- WORK TO COMPLETE -
Once the line with "Cute Pink Anime" is found in the entries below, repeat it and each following line exactly, up to and including the line with "Dans En Bottes". Add no other lines.

- DATASET EXCERPTS -
***
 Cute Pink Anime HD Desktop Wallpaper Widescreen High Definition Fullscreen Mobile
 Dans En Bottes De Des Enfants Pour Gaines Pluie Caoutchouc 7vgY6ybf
***
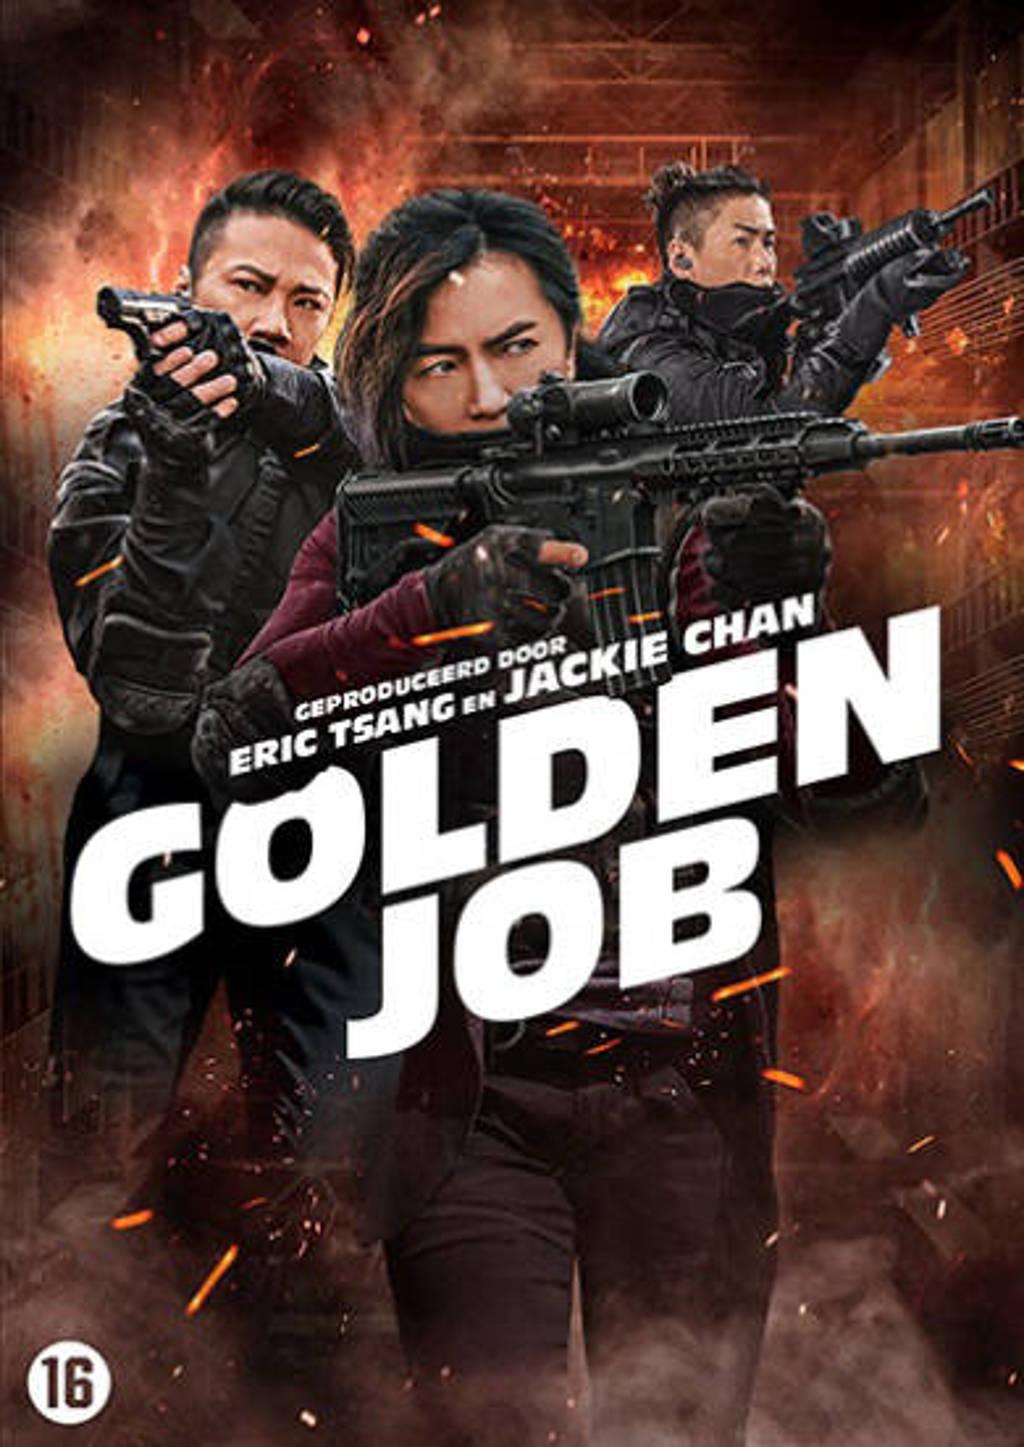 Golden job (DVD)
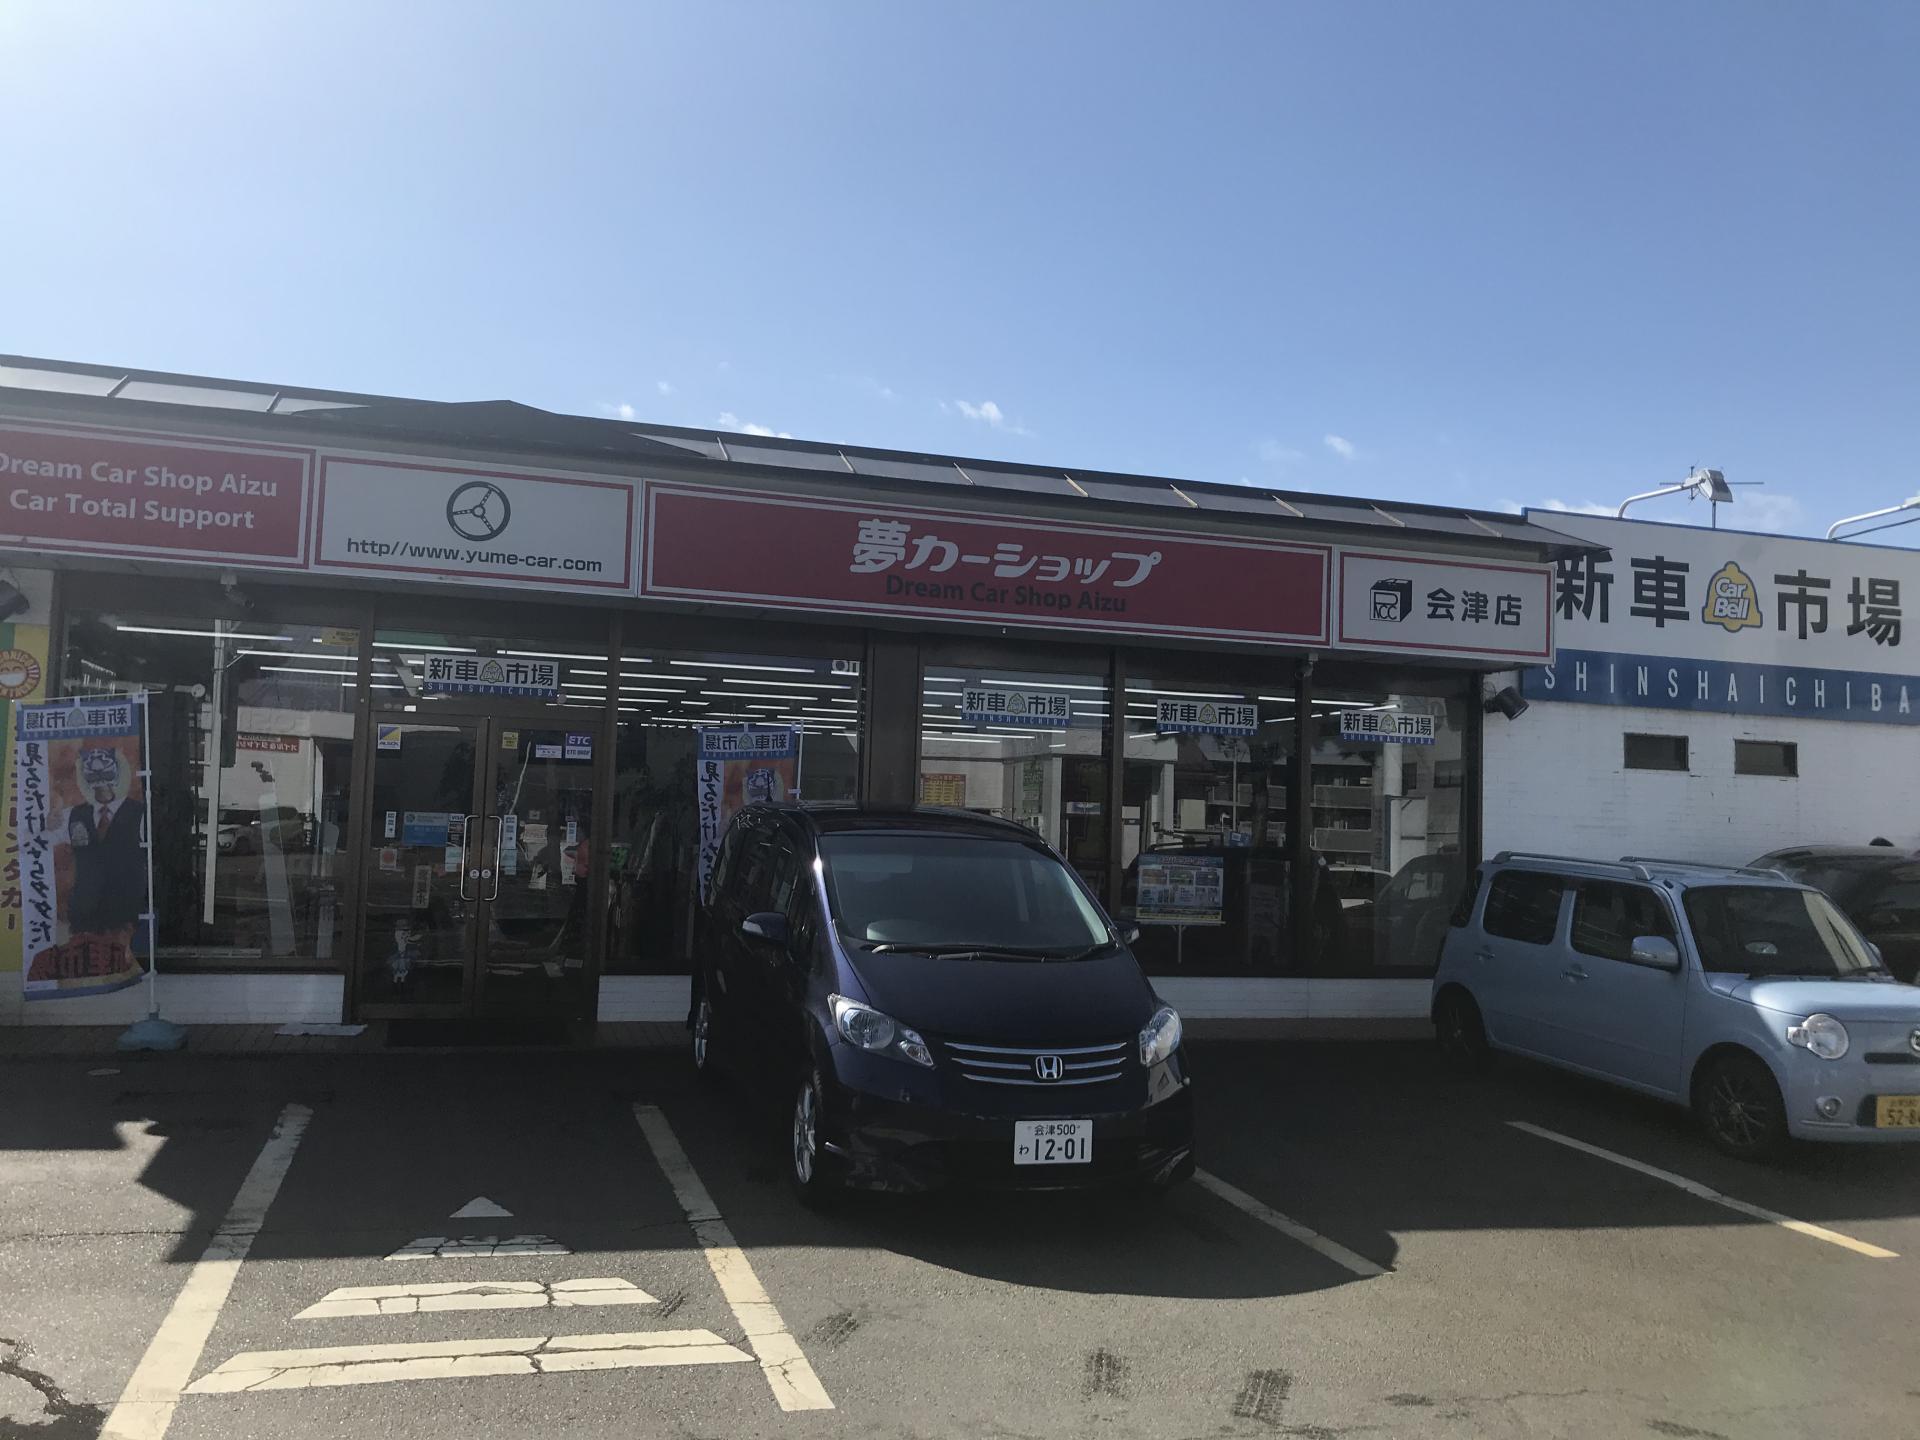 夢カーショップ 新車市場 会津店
***
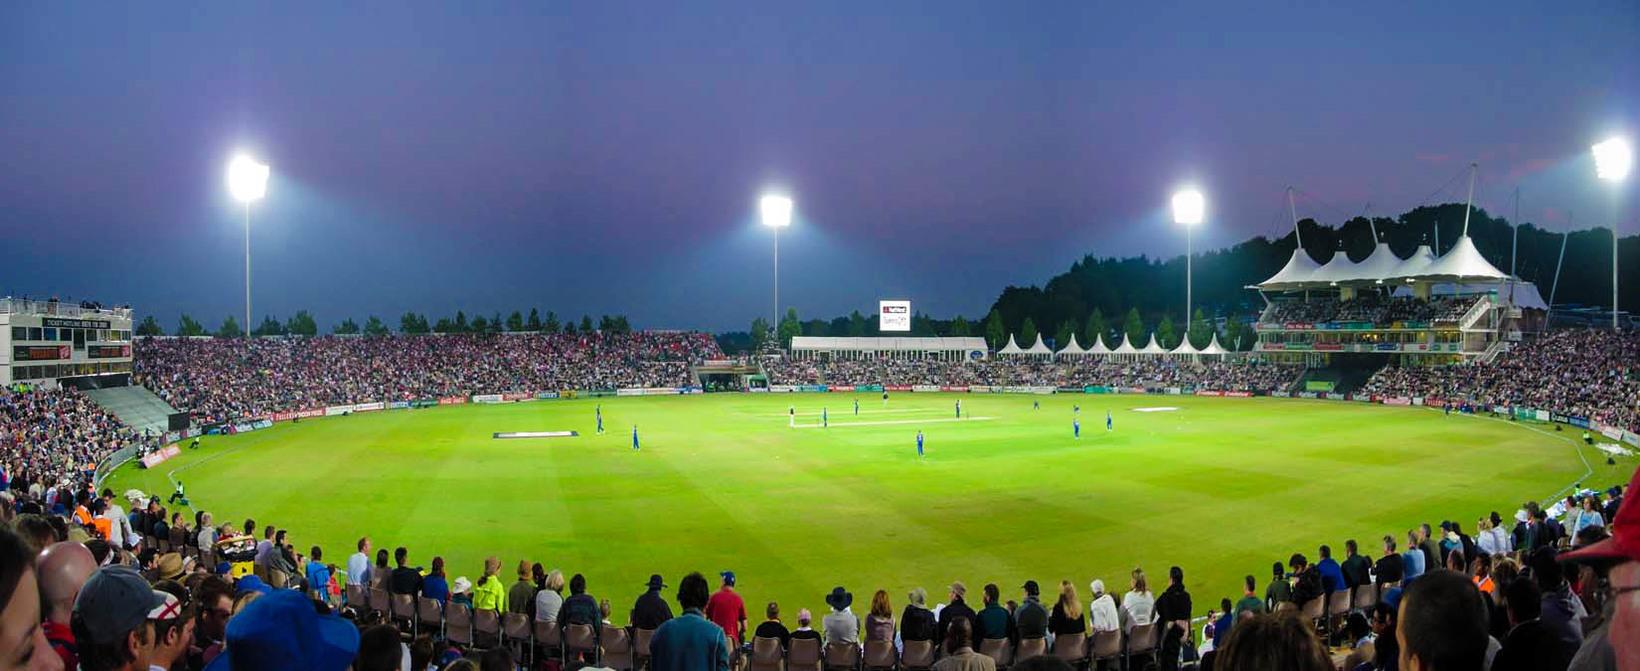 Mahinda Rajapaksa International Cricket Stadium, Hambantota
***
- TASK ANSWER -
 Cute Pink Anime HD Desktop Wallpaper Widescreen High Definition Fullscreen Mobile
 Dans En Bottes De Des Enfants Pour Gaines Pluie Caoutchouc 7vgY6ybf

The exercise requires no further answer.